Why the ice man never giveth at this big box store.

Calling all ambulance chasers — are you looking for a case against a $99 billion corporation? Here’s a hot tip.

I recently accompanied my favorite Costco member to the land of big boxes and bigger shopping carts to stock up on cheap beer and coffee. It being a Friday, a fresh-fish counter had been set up by the 17-pound meatloaves and rib racks. There, splayed on the ice, were some fine little wild Alaskan sablefish, a.k.a. black cod, costing just a buck or two more than the farmed salmon. Visions of kasu beckoned, I picked a fish, and the young guy in the white apron slipped it into doubled plastic bags..

“Would you drop a little ice in there?” I asked. We had more stops to make.

“Sorry, we’re not allowed do that.”

“Not allowed to — c’mon, man, don’t tell me the city bans ice now.”

“It’s not the city, it’s company rules.

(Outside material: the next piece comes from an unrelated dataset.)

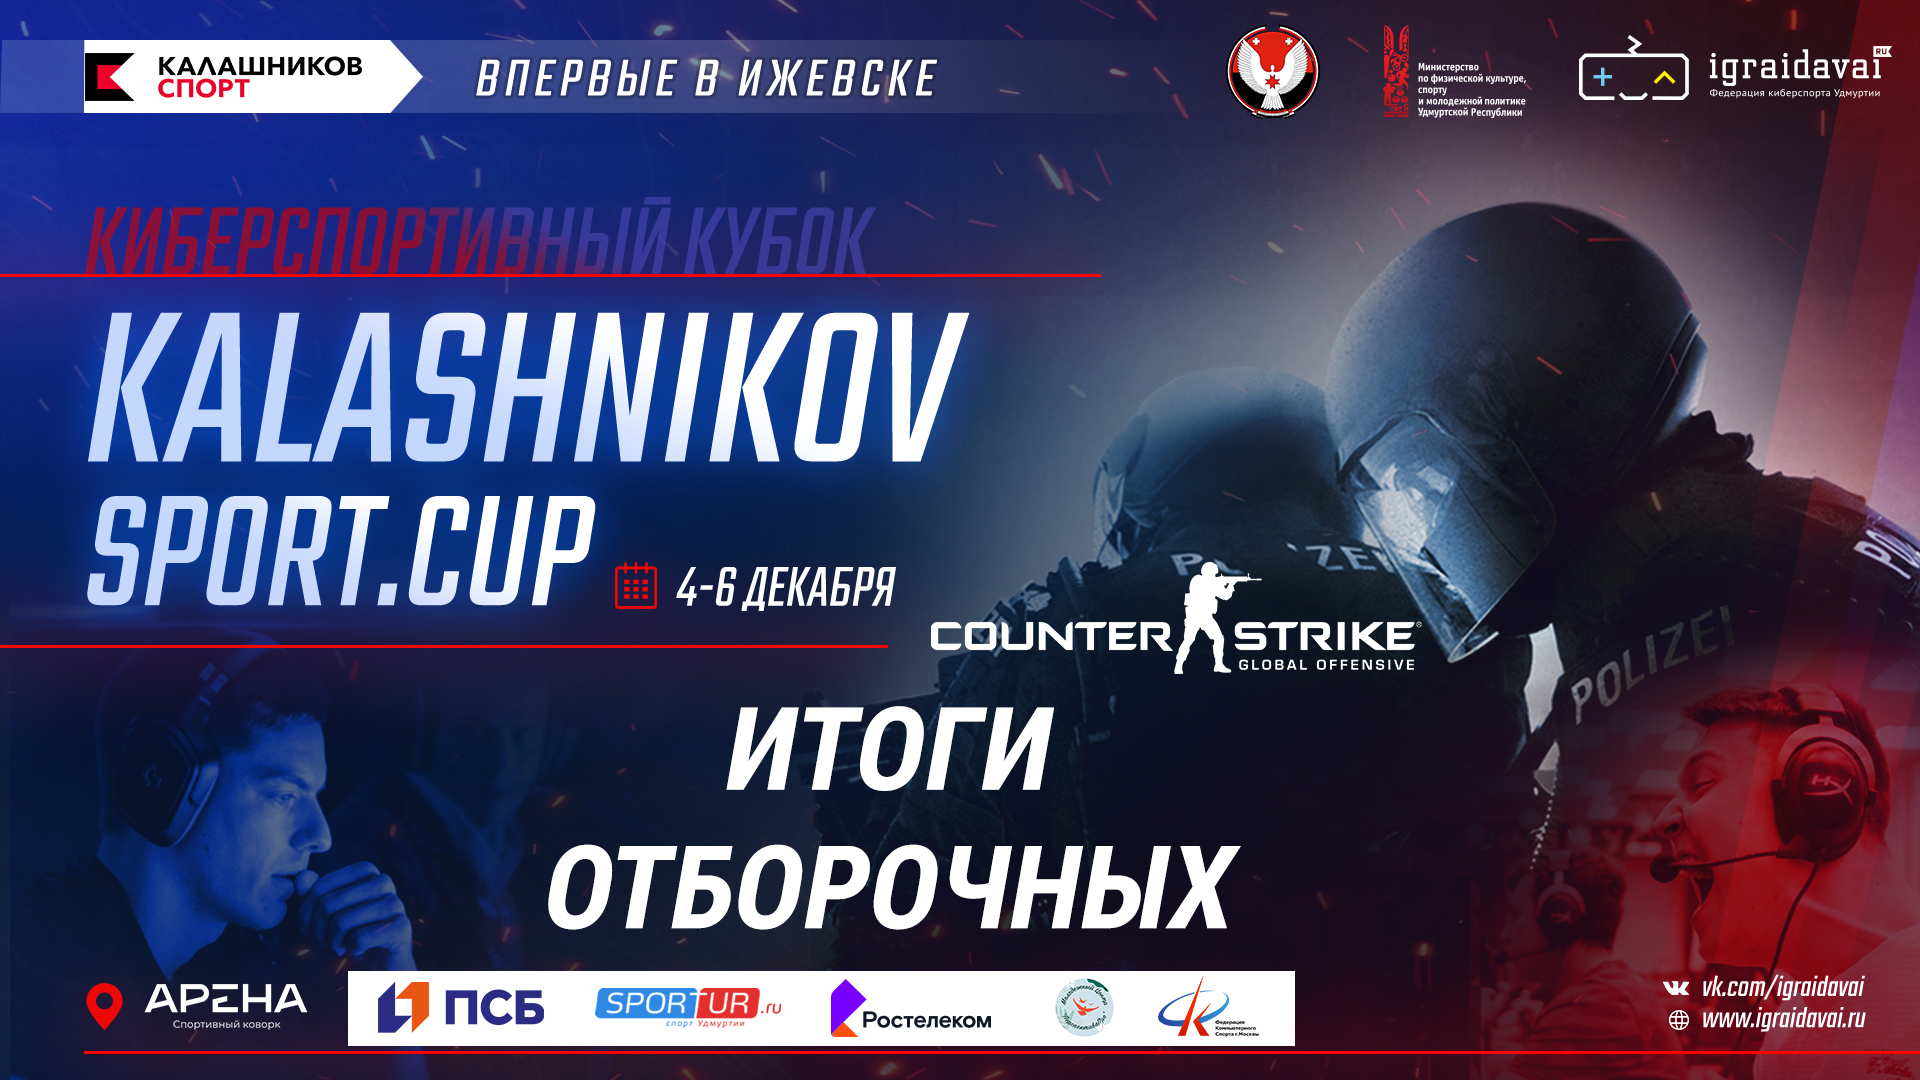 Kalashnikov_cup_news_ 2.jpg

Somebody got some ice, spilled it on the floor, and slipped on it, and they sued and we’re not allowed to give ice anymore.”

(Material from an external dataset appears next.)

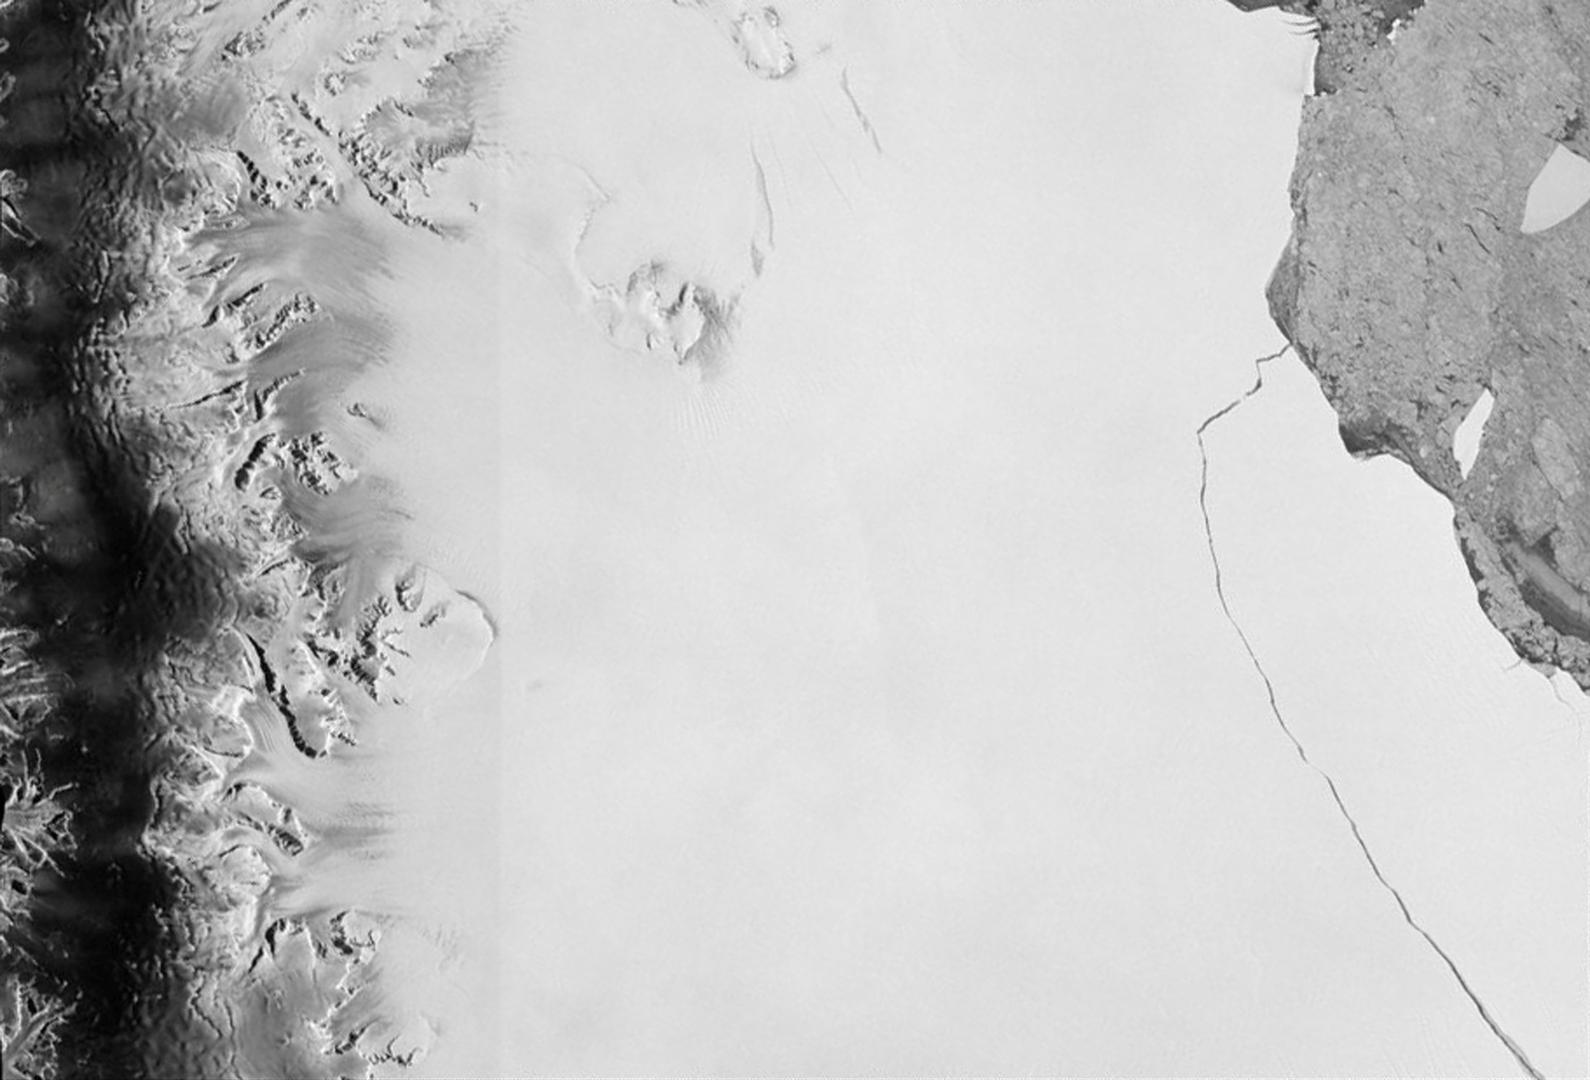 Ledena santa površine 5800 četvornih kilometara odvojila se od ledenog grebena Larsen C na Antarktici i slobodno pluta prema sjeveru, objavili su u srijedu njemački stručnjaci. Dugačka 175 i široka 50 kilometara, radi se o jednoj od najvećih santi koju su znanstvenici registrirali posljednjih godina i trebat će dvije do tri godine da se posve istopi, priopćio je institut Alfred Wegener u Bremenu.

I assume that suit was laughed out of court, unless Costco’s lawyers opted to pay the plaintiff off for less than the courthouse parking would cost. The idea that such a one-off claim would cow a company Costco’s size into denying its customers the most basic hygienic courtesy sounds like the height (or depth) of corporate litigiphobia.

Costco officials won't confirm or deny the account ("We don't discuss lawsuits"). But "we certainly don't give out ice," the company's vice president for food safety, Craig Wilson, told me. "There's lots of issues with it — food safety for one. You have to be very careful where you get your ice. We use potable water for ours, and we discard it at the end of the day. But you still wouldn't want it coming in contact with food."

But wait — this is fish that's been sitting in that same ice all day. And it's securely tied up in an inner bag, so ice in the outer bag wouldn't touch it.

Still, says Wilson, "I don't know any retailers who give out ice." Maybe my memory's too long; I remember a few cubes being routine with something like fish. But come to think of it, Wild Salmon provides a pre-sealed, presumably more sanitary freezer pack when you ask for that.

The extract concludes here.